Intention and Effect

While there is overlap in the consequences of hate crime and terrorism, it is important not to draw the parallels too closely, particularly on the issue of intention. The impact of a crime motivated by prejudice may include fear, community disturbance and social control. However, this does not mean that (for the individual perpetrator, unlike the terrorist) such an effect was deliberately intended. Indeed, the extent to which social planning and deliberation underpins any particular incident is an area for exploration. In this vein, intention may provide a useful criterion through which to sub-categorise and refine the concept of hate crime (for example, perpetrators motivated by a specific socio-political agenda, versus those who are less deliberate in their intentions). Unraveling the notion of intention depends very much on who the perpetrators are and what motivates them. The issue of intention similarly raises questions about the nature of prejudice. While hatred is commonly presented as a 'crime of ignorance', what are the ways in which prejudice can be pre-meditated, planned and expressed? To what extent is prejudice thoughtless?13 Valji (editing comments, 2003a) notes that the issue of intention is particularly interesting in South Africa, where racism has been socially entrenched. 'What about where a crime is clearly perpetrated through a dehumanisation of the victim because of racist socialization, yet the perpetrator does not consciously acknowledge that they are 'racist'?' She notes that 'much of the violence of the apartheid state forces was particularly brutal because black people were subconsciously seen as 'subhuman' but perpetrators would be unwilling to admit that racism played any role'. Seeking to understand intention also raises questions about the role of the media and the ways in which hate crimes are phrased and publicised.

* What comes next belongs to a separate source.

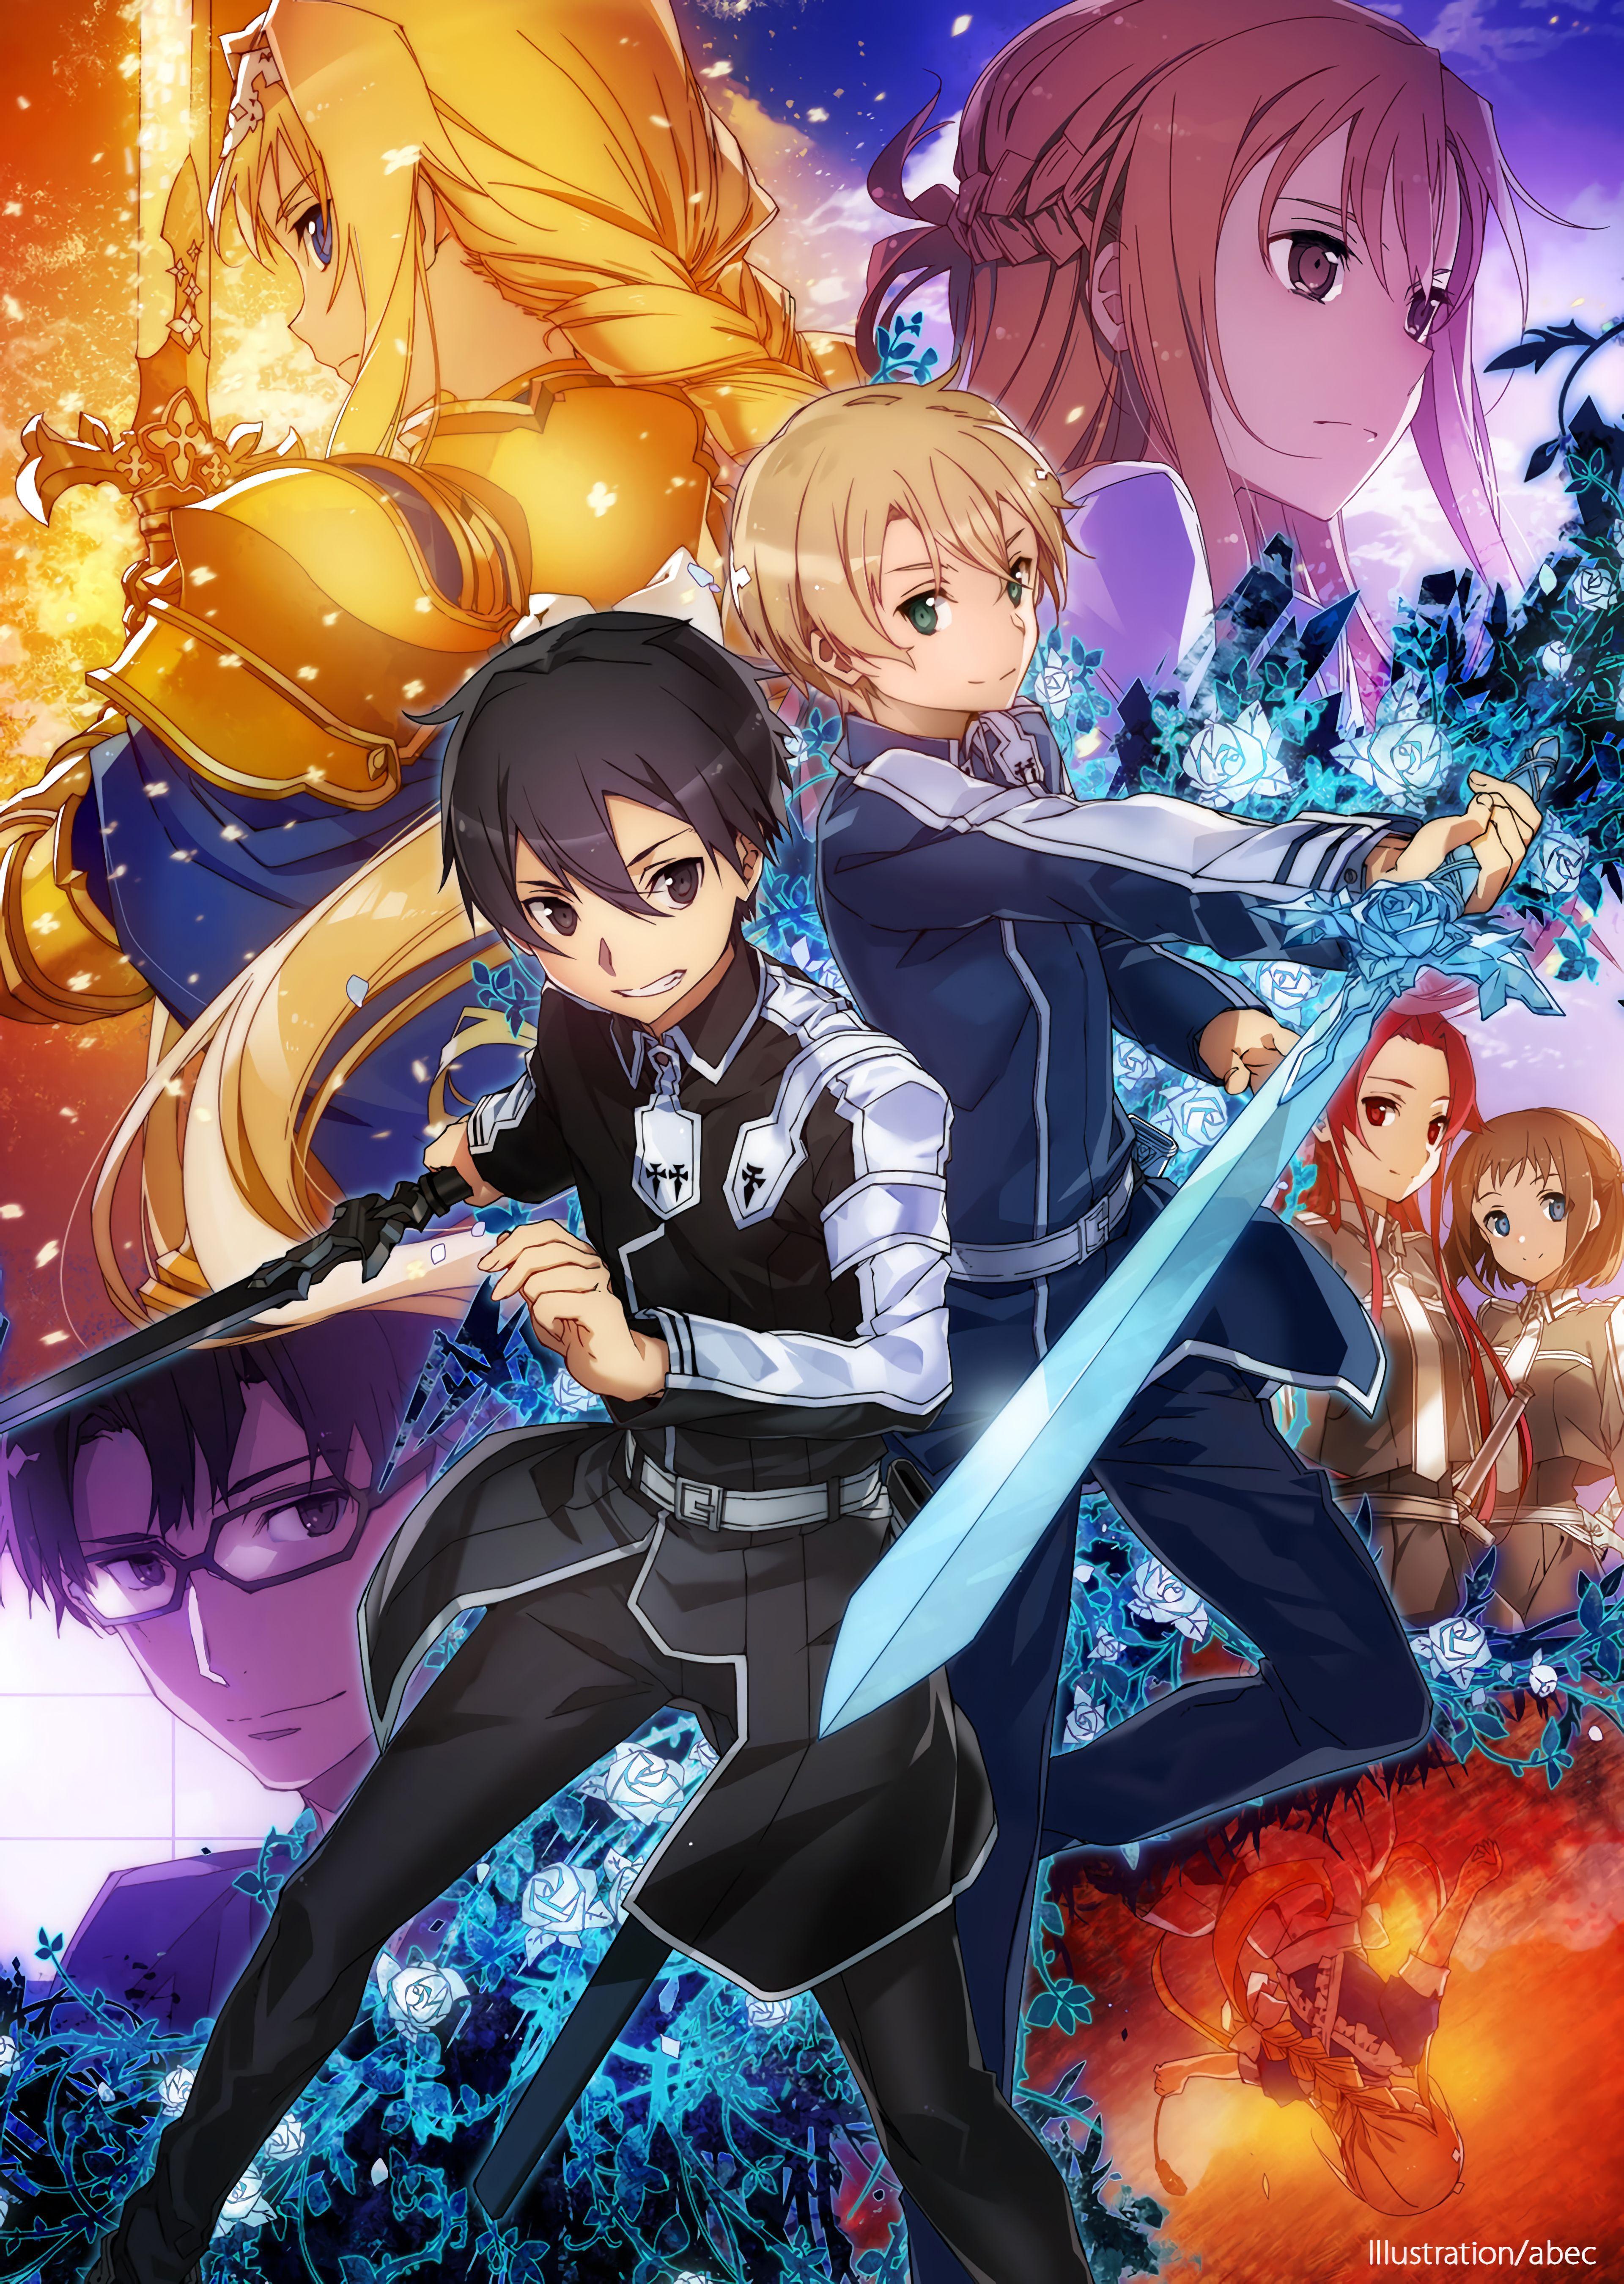 Sword Art Online - Saison 3 Episode 24 Vostfr : sword, online, saison, episode, vostfr, Sword, Online, UnderWorld, Wallpapers, Wallpaper
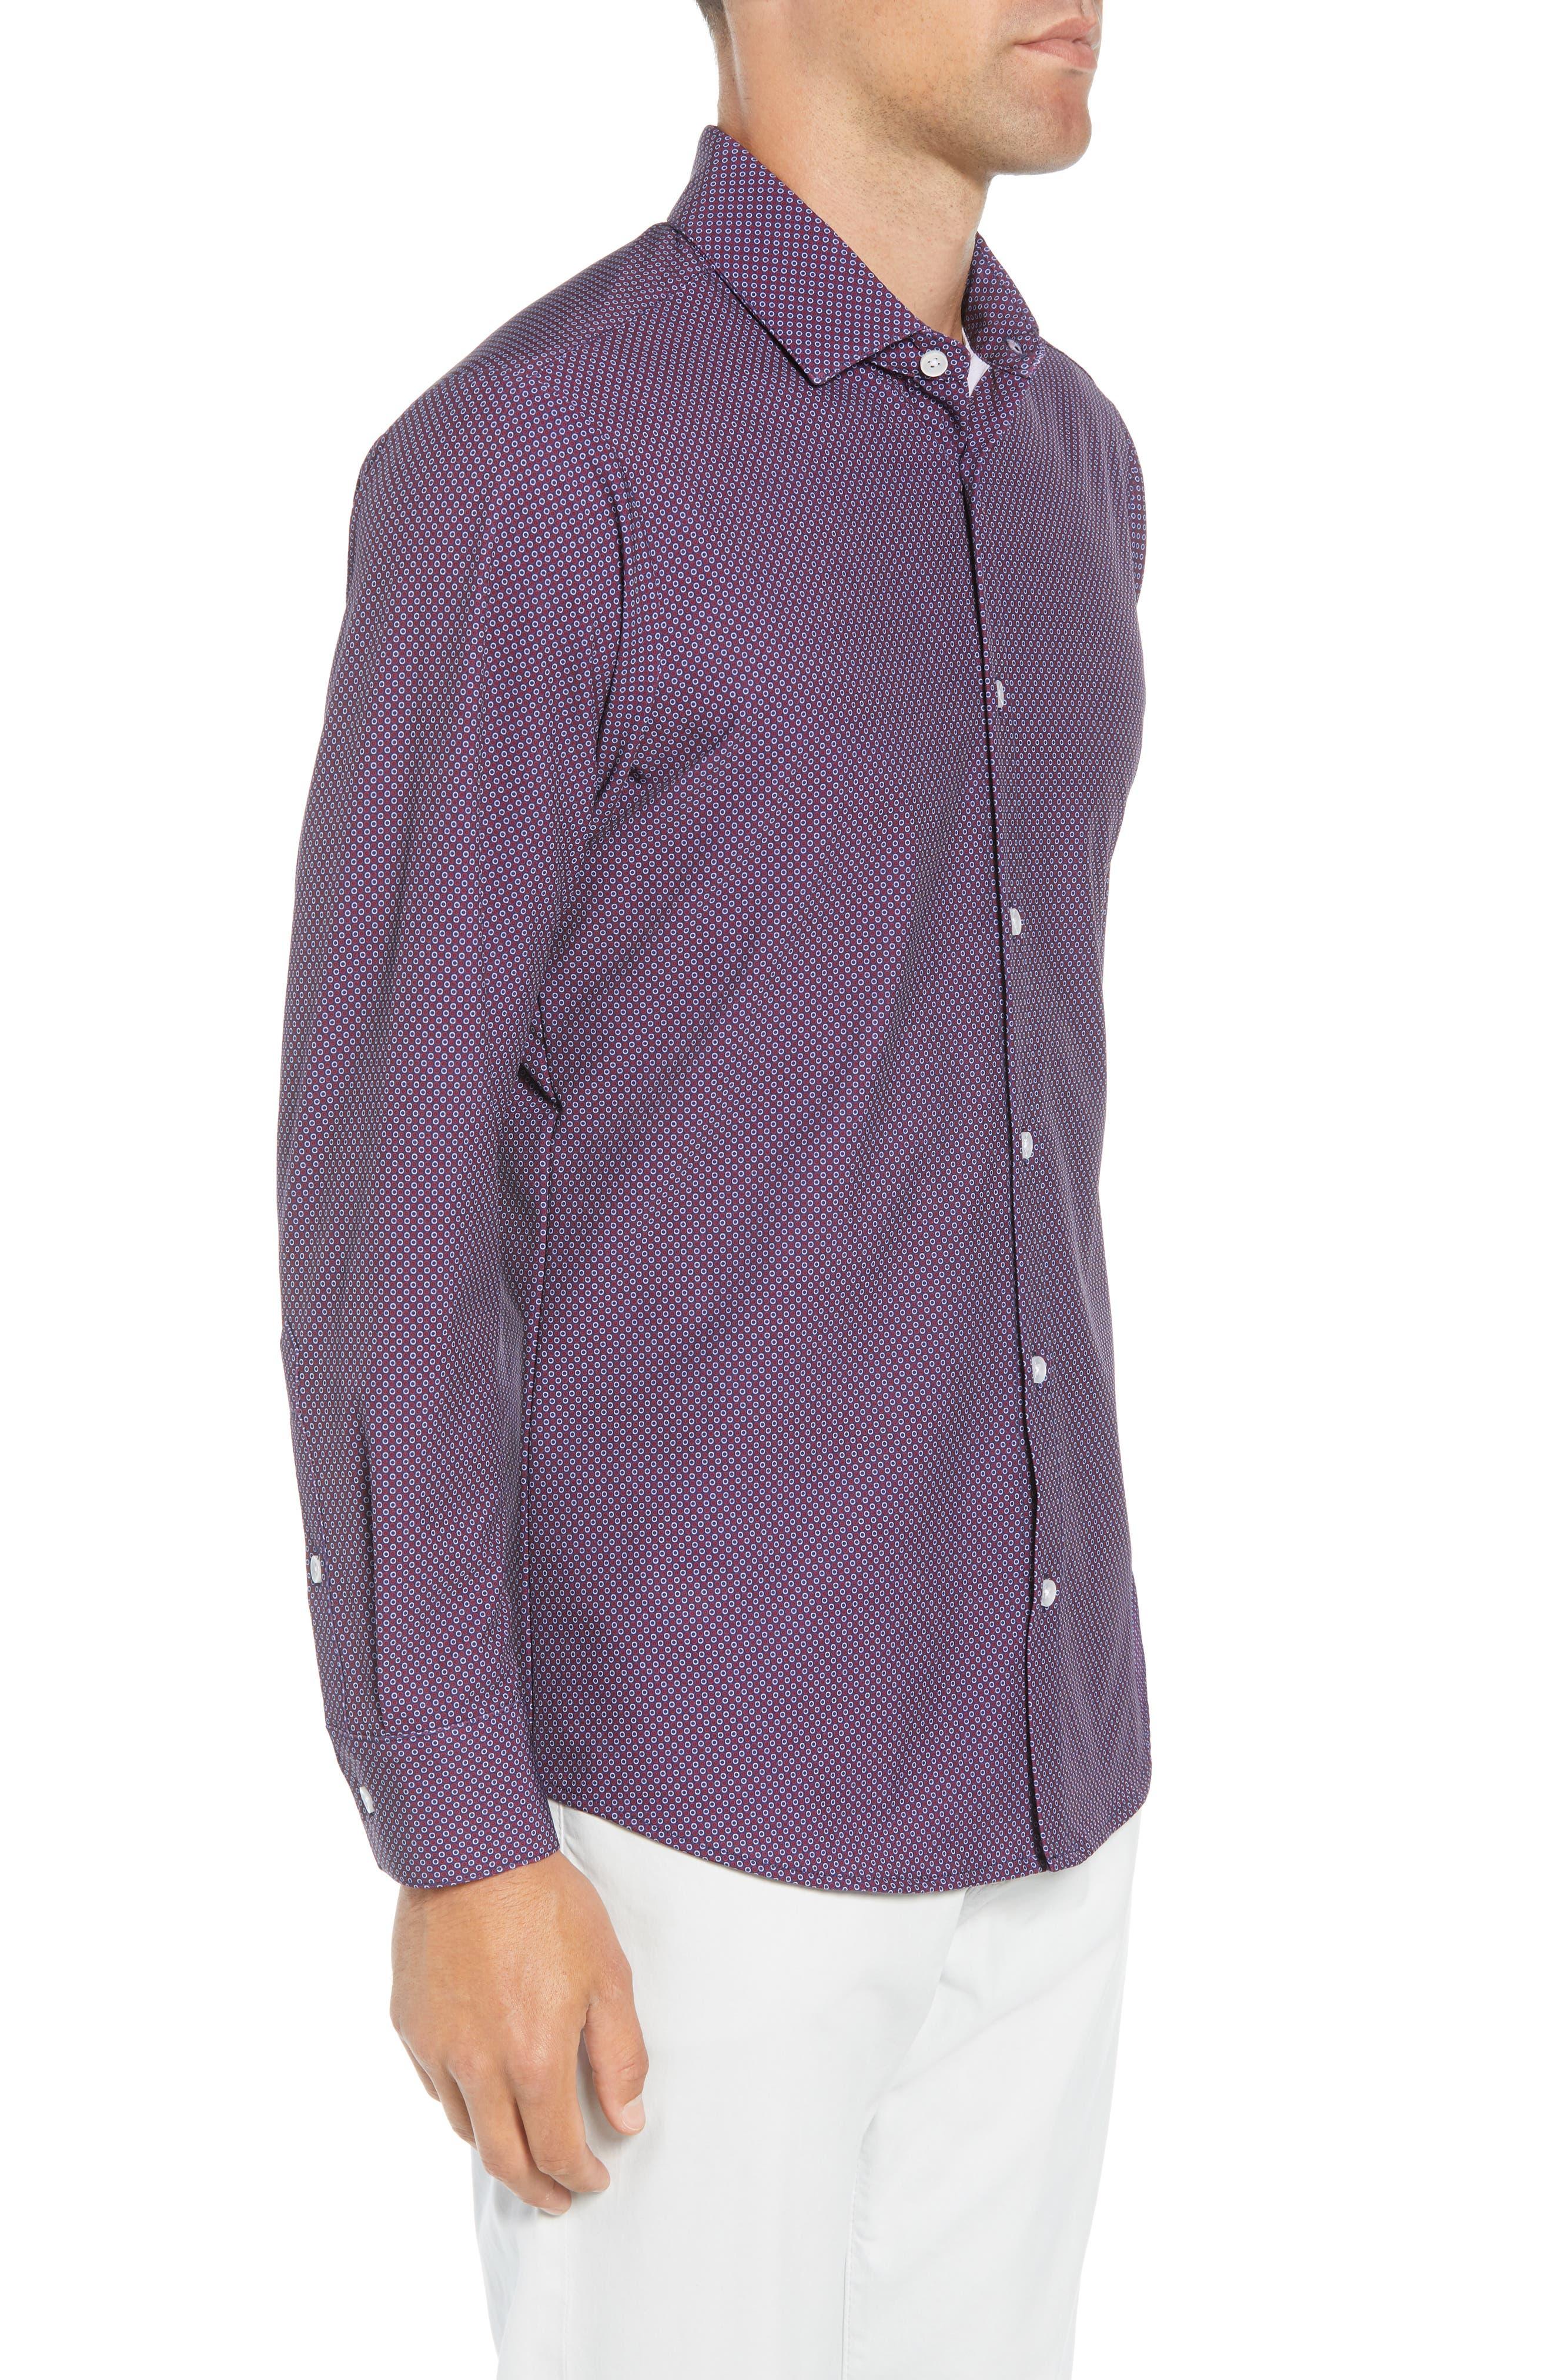 Damon Regular Fit Print Performance Sport Shirt,                             Alternate thumbnail 4, color,                             PLUM

If social control and fear are intended, then how are they conveyed? What mechanisms are deployed by perpetrators to reach beyond a particular incident? More generally, what social devices feed fear and control, whether or not the intention is to send such a message?

Vigilante Messages

The message quality of hate crime highlights its overlap with vigilantism. This is because one function of vigilante violence – which can be defined as the violence of taking the law into one's own hands - is to send a social warning: vigilantism 'strives for … control, by instilling fear within the audience. It warns the victim and onlookers … . It also generalises beyond the actual incident [that is being punished] to future possibilities' (Harris, 2001a, p.19). This social warning expresses itself through the methods and modus operandi of many vigilante activities. These are commonly visible, harsh, bodily forms of punishment, including sjambokking, stoning and body painting. While it goes beyond the scope of this report to explore the similarities and differences between general actions of vigilantism and hate crime, it is important to note that there is an overlap. The visible and violent methods of the Ku Klux Klan - lynchings and burning crosses, for example - clearly illustrate this. In South Africa, as elsewhere, violent forms of hate crime can be defined as vigilante in nature and certain vigilante manifestations are motivated by prejudice. Consider Box 1.14

Box 1: Hate crimes and vigilantism

The murder of Gugu Dlamini, an AIDS activist and educator, represents an example of prejudice-motivated vigilante action in South Africa. In 1998, she was beaten and stoned to death by a crowd purely because she publicly disclosed her HIV-positive status, an action that was framed as 'degrading' to her community. Following her death, community members continued to apply tactics of intimidation and fear to other AIDS activists working within the area of KwaMancinza. For example, consider the following article:

AIDS worker lives in fear, Bareng-Batho Kortjaas (Sunday Times, 10 January 1999)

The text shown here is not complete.